§ DATA BELOW

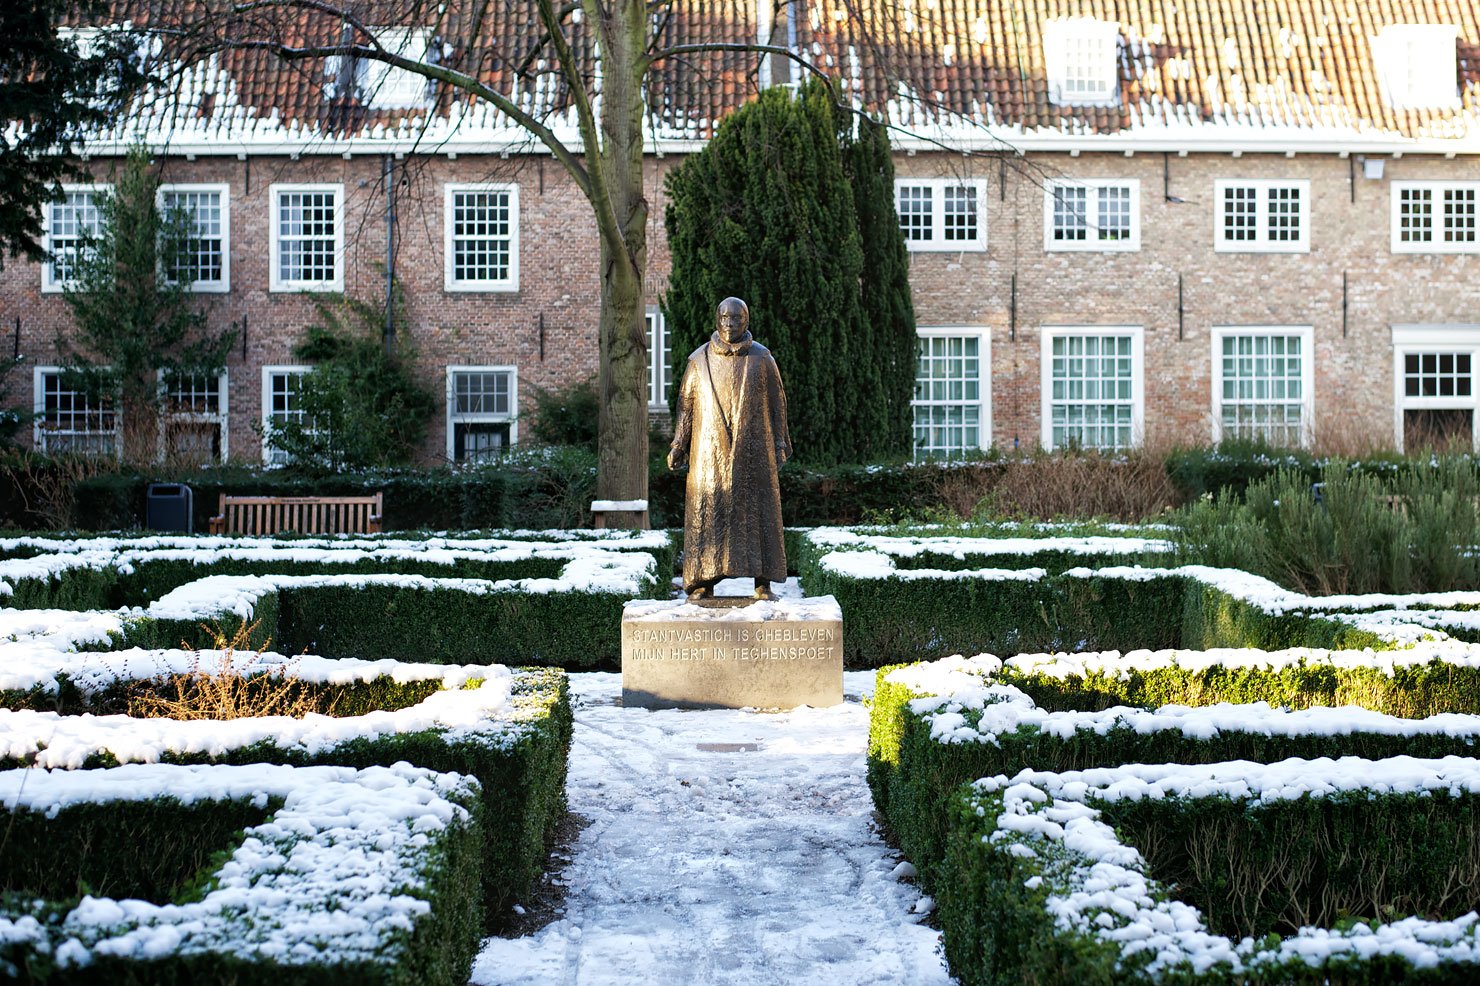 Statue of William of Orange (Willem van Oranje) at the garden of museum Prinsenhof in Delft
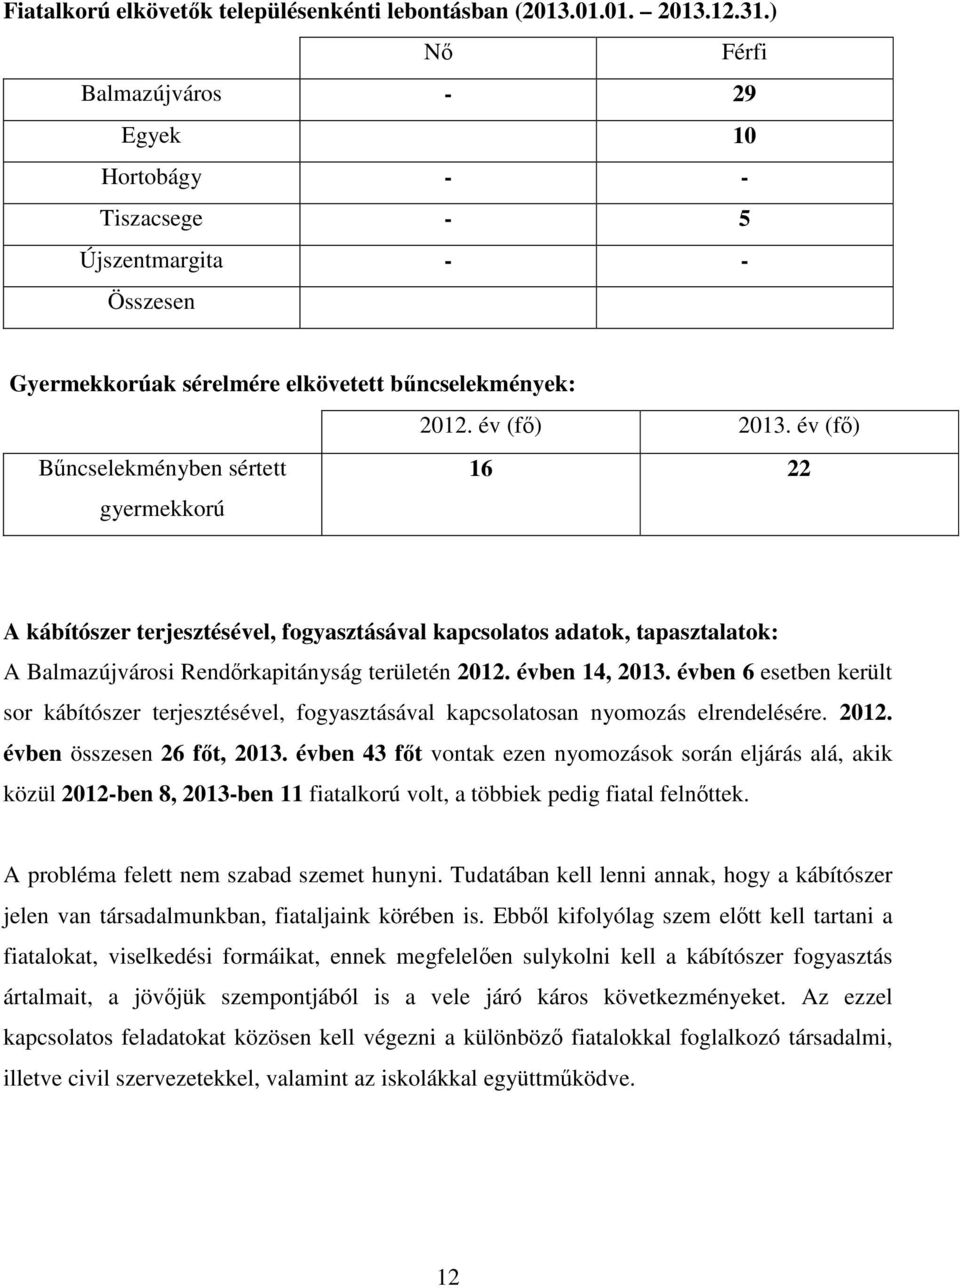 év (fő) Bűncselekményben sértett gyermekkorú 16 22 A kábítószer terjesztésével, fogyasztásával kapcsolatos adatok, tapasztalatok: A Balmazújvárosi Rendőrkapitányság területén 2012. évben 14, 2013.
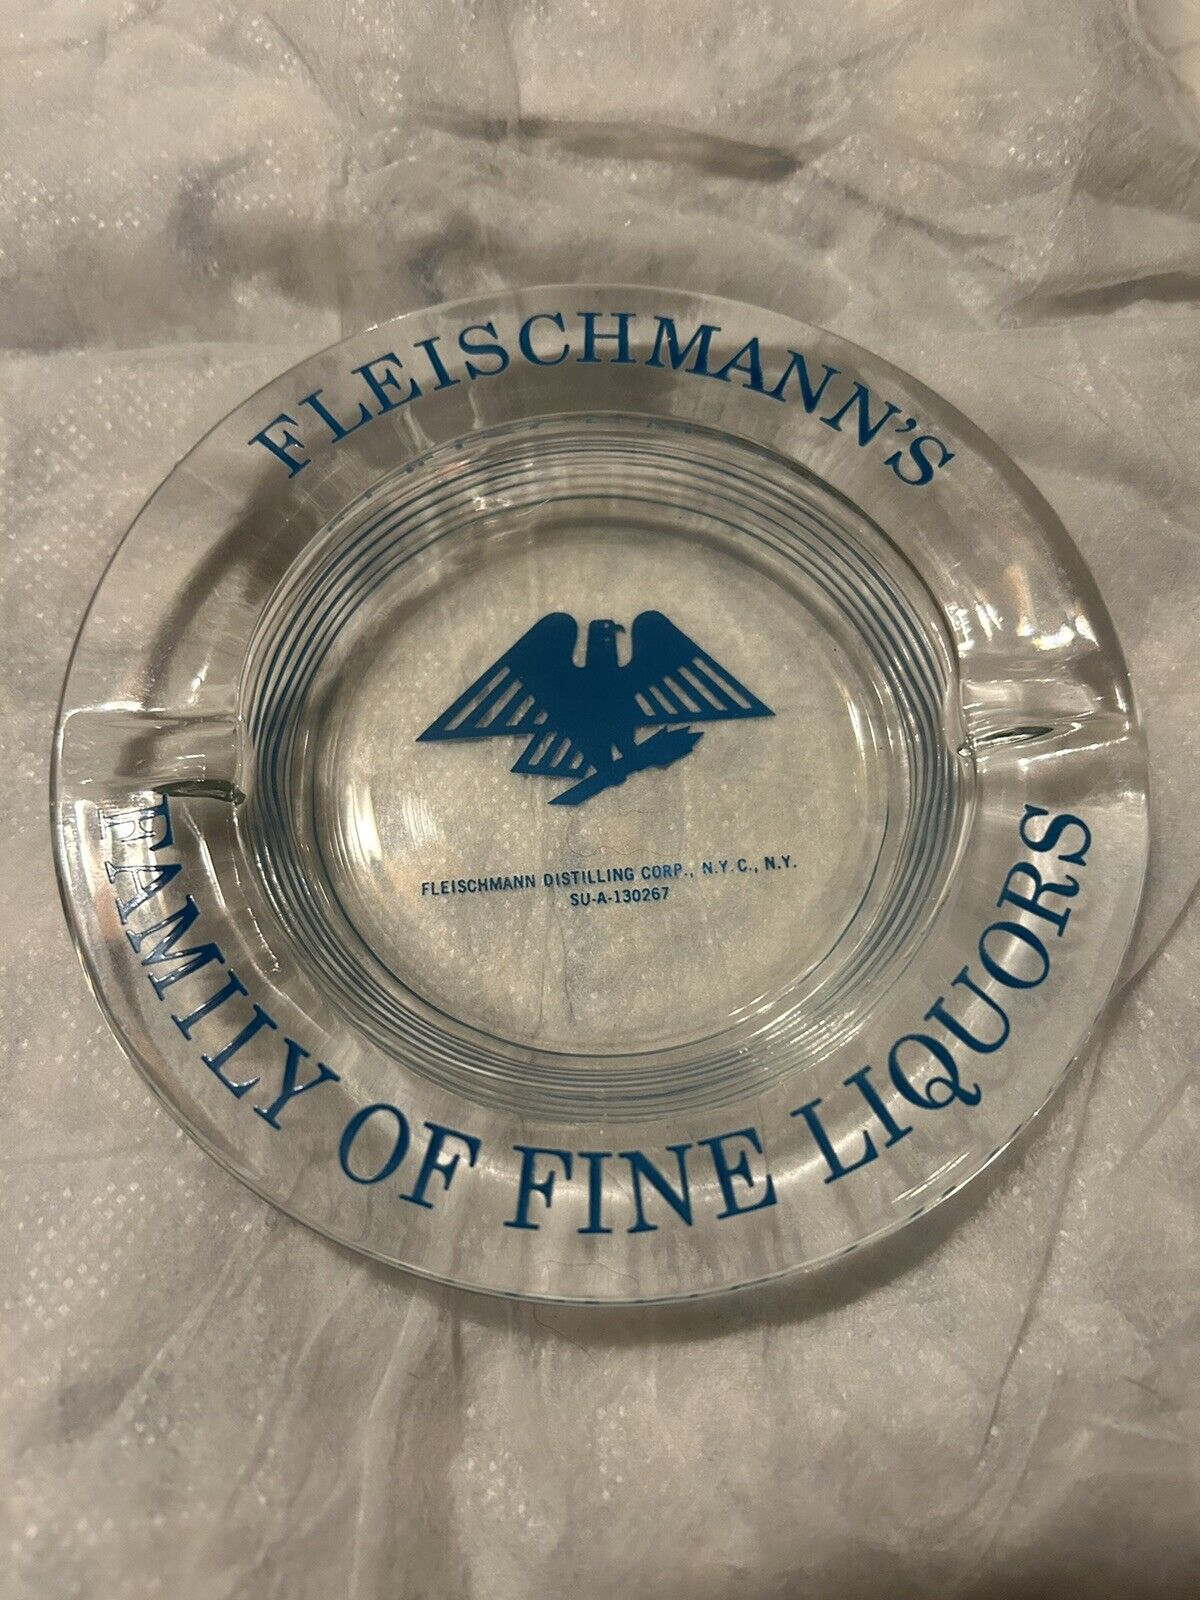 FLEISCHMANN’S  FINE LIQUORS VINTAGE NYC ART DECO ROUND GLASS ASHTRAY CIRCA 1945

§ WHAT THIS TASK INVOLVES
Produce a verbatim transcription of every line in the listing, images omitted.

§ ANSWER TO THIS TASK
 Statue of William of Orange (Willem van Oranje) at the garden of museum Prinsenhof in Delft
 év (fő) Bűncselekményben sértett gyermekkorú 16 22 A kábítószer terjesztésével, fogyasztásával kapcsolatos adatok, tapasztalatok: A Balmazújvárosi Rendőrkapitányság területén 2012. évben 14, 2013.
 FLEISCHMANN’S  FINE LIQUORS VINTAGE NYC ART DECO ROUND GLASS ASHTRAY CIRCA 1945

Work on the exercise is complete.